Action from The Pensions Regulator has forced an unnamed company to prioritise its pension scheme over dividends to its shareholders.

According to its latest Compliance and Enforcement Bulletin, published today (May 16), the watchdog intervened in the case of a defined benefit scheme which was considered a funding risk, due to the low level of deficit repair contributions it was making and the length of the proposed recovery plan (more than 13 years).

TPR also considered there was a significant covenant risk - over the years, funds had been taken from the employer and transferred to another company in the group – and governance issues, as the scheme trustee board included the company’s finance director and HR director.

After intervention from the regulator, the company agreed to an upfront payment of £10m to the scheme, a reduction in the recovery plan length to seven years, annual deficit recovery payments of £3.7m and a commitment to stop dividend payments for six years.

FTAdviser reported in December that 115 companies were paying, on average, six times more in dividends than in pension contributions to their final salary plans, after the collapse of contractor Carillion brought to light differences in policies.

However, the Department for Work and Pensions has dismissed calls for the regulator to be alerted to companies which pay out large dividends.

Nicola Parish, TPR’s executive director of frontline regulation, said the regulator has set out its expectations for all workplace pension schemes clearly and will continue to intervene where it has "concerns that a DB scheme is not being treated fairly by an employer".

She said: "This is one of many examples of our work with trustees and employers to secure appropriate recovery plans and agree acceptable deficit recovery payments, better protecting the savers in those schemes."

In its work on auto-enrolment, TPR saw a 15 per cent increase in the use of its powers against employers compared with the previous quarter.

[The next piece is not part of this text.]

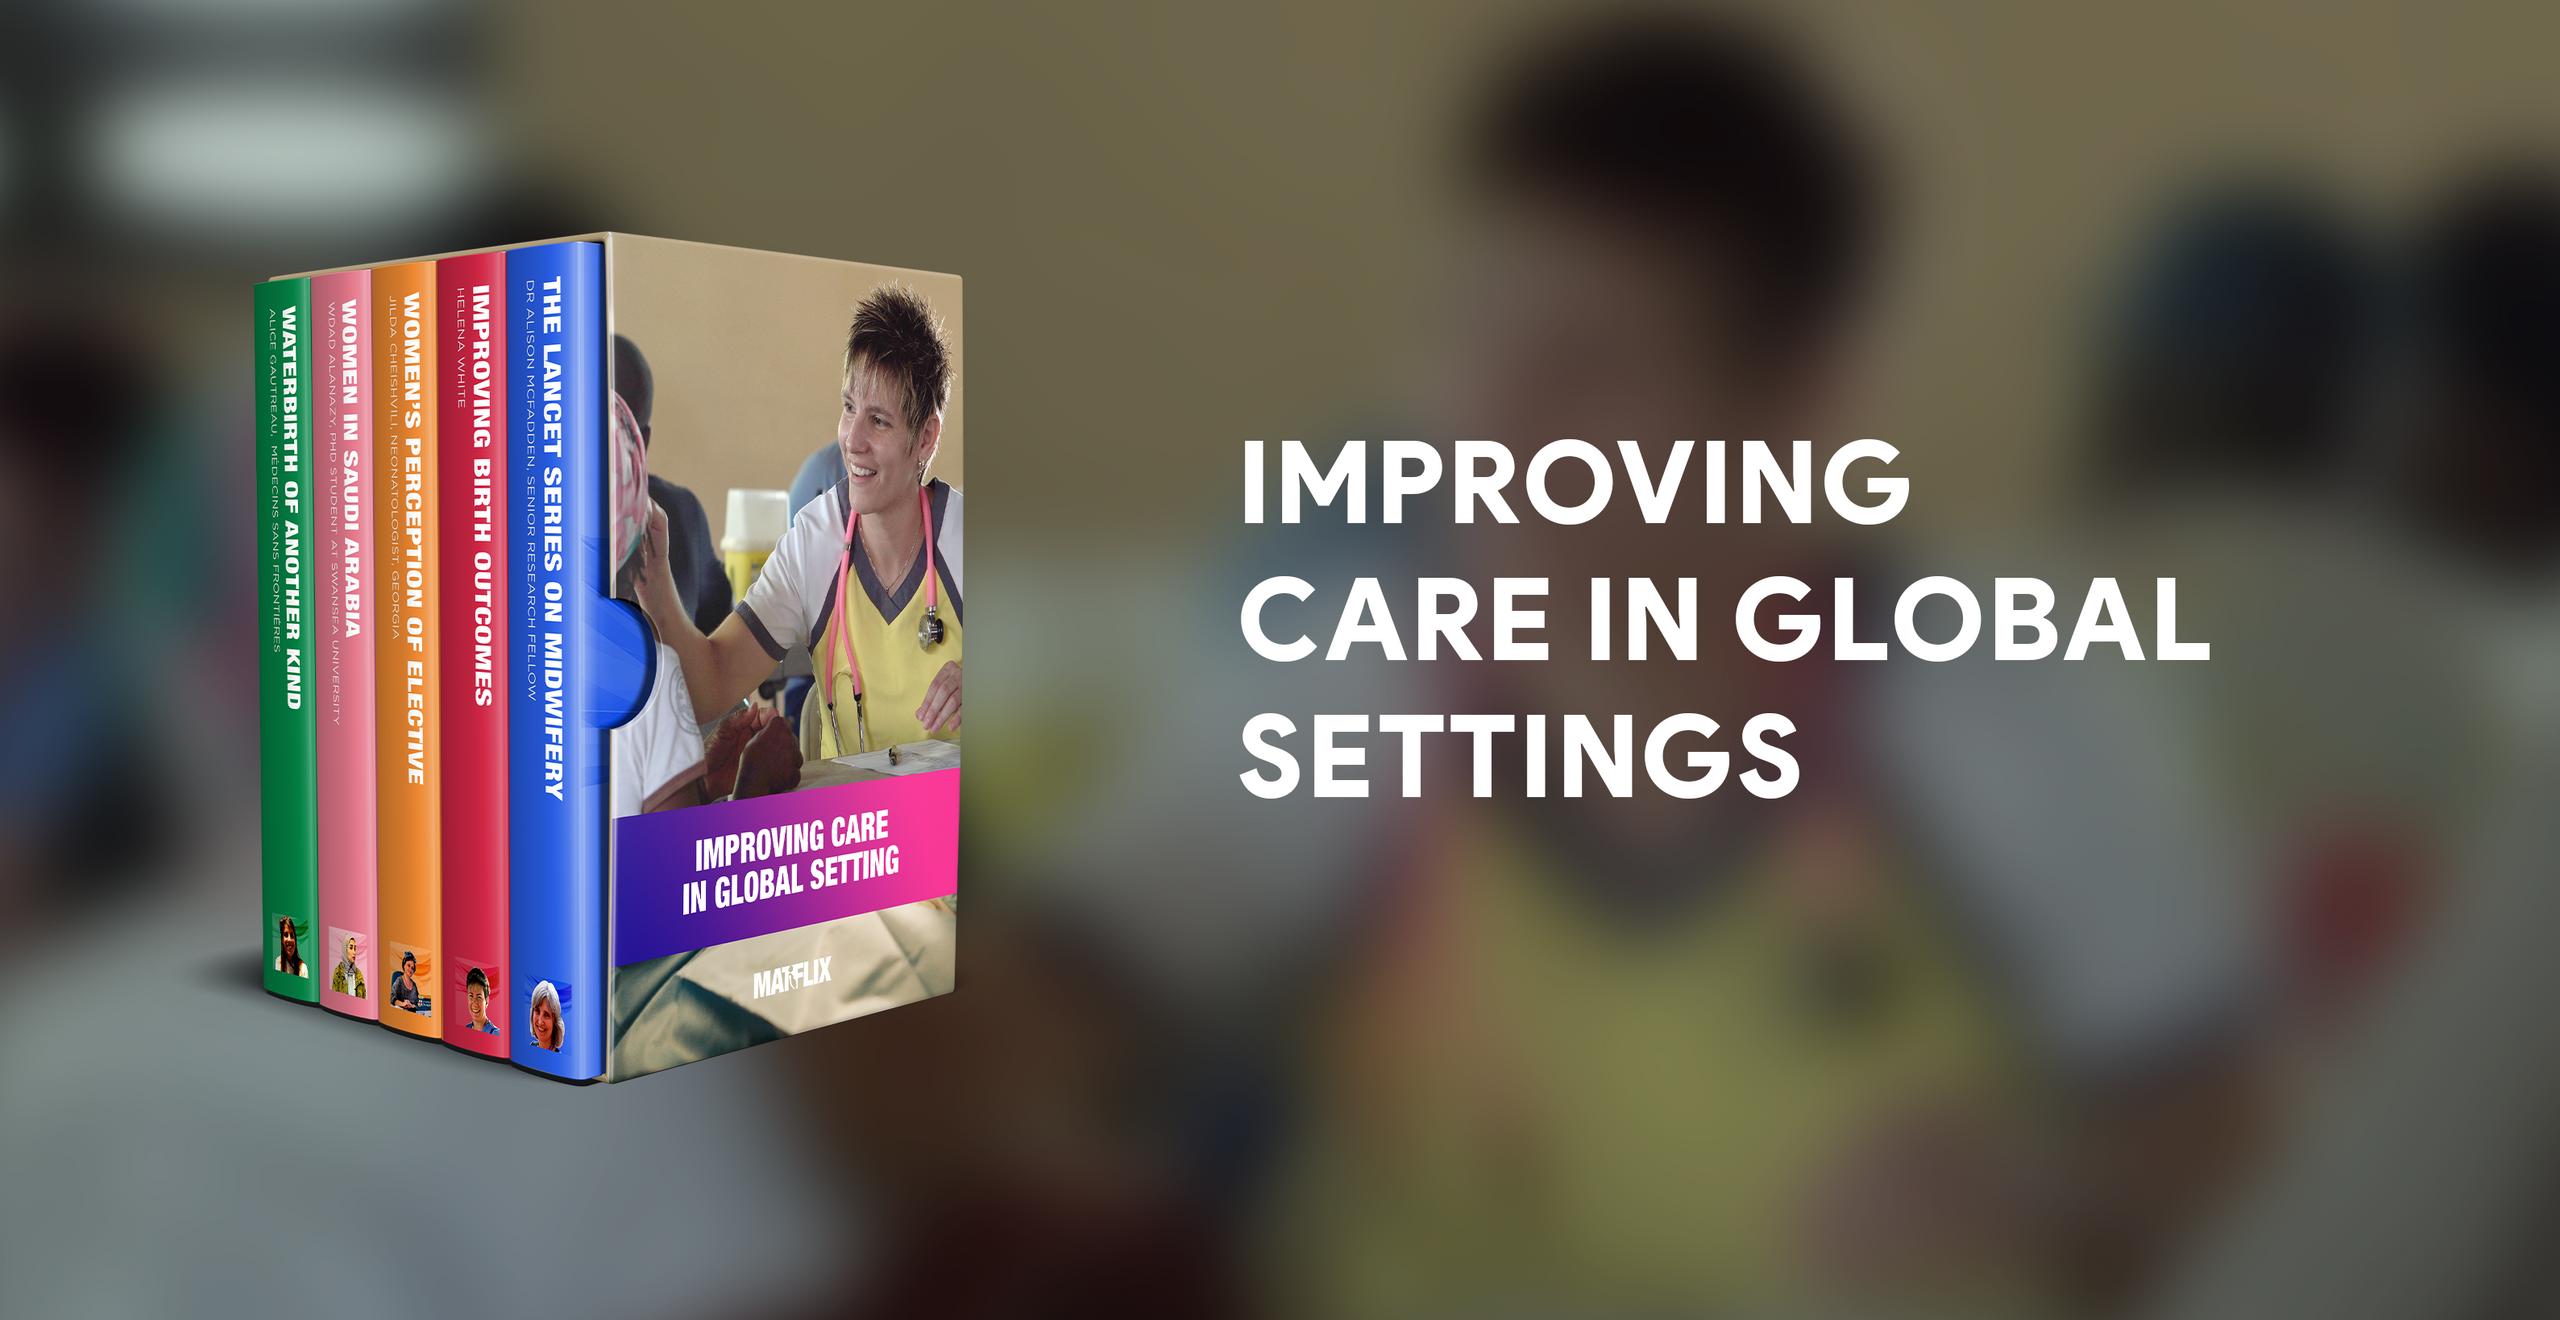 IMPROVING CARE IN GLOBAL SETTINGS

The regulator explained that the recent rise is due to an increasing number of employers reaching their three-year re-enrolment date, which must re-declare compliance to TPR, as well as the continued enforcement activity against employers after the first increase of combined minimum contributions in April 2018 to 5 per cent.

FTAdviser reported yesterday TPR will be cracking down on employers suspected of not complying with their auto-enrolment duties by conducting short-notice inspections over the summer.